1) When you are creating a particular piece of art, do you look for inspiration or does the artwork usually transpire organically from your mind?
"Usually it's a combination of a variety of elements. I feel very blessed to be surrounded by an incredibly array of creative individuals that inspire me through their various visual and musical art forms and colourful lifestyles. I am also fortunate enough to live in one of the most beautiful places in the world and I've always loved seeking out the strange and unconventional. All these exterior elements combined with my own weirdo mind make for some interesting and unusual creations."
2) Your work is very whimsical and often surreal. Has this always been the type of art that you wanted to create? Was there a point in time that you feel your work started leaning more in this direction?
"I think that my artwork was always a little bit trippy and strange, and I've also been very influenced by my environment and the different phases of my life.

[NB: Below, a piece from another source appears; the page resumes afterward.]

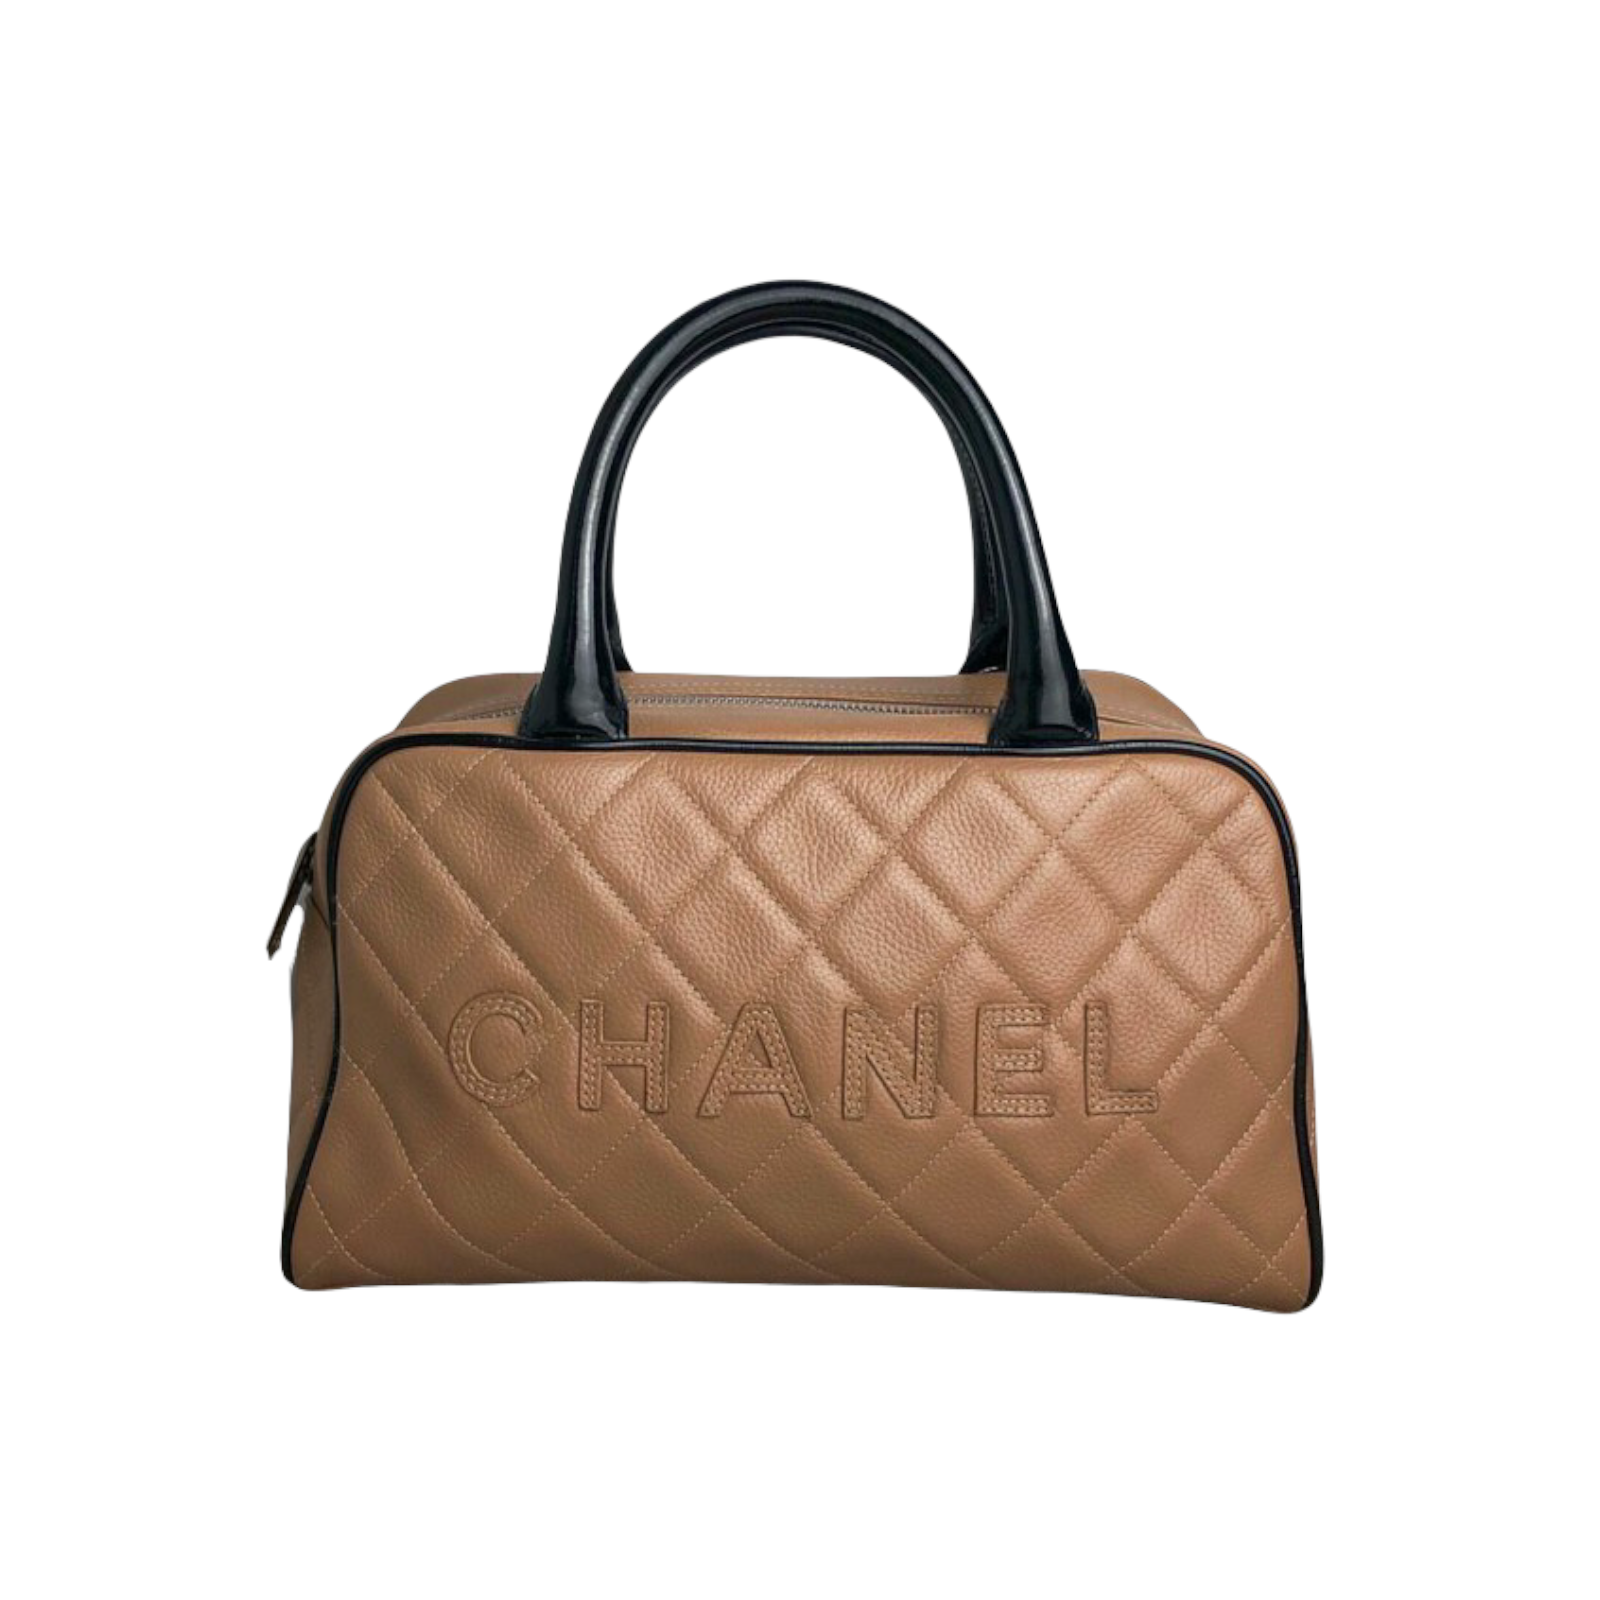 Chanel Square Quilted Caviar Leather Bowler Bag Brown Medium Handbag

Growing up in Eastern Europe, raving in my teens and 20s in Toronto and Montreal as well as getting involved in the hiphop/graffiti scene there, then relocating to the West Coast 8 years ago and getting involved in the festival community here have definitely shaped my views and choice of visual communications. Back out east I loved the beautiful urban decay of the concrete jungle and the gritty city life but since coming to the west coast I feel that I have started developing more of a connection to nature, spirituality and started connecting those themes with surrealistic elements such as cosmic spirit animals and with more of an emphasis on feminine energy and forms."
3) Do you have any rituals or practices that help with your art process?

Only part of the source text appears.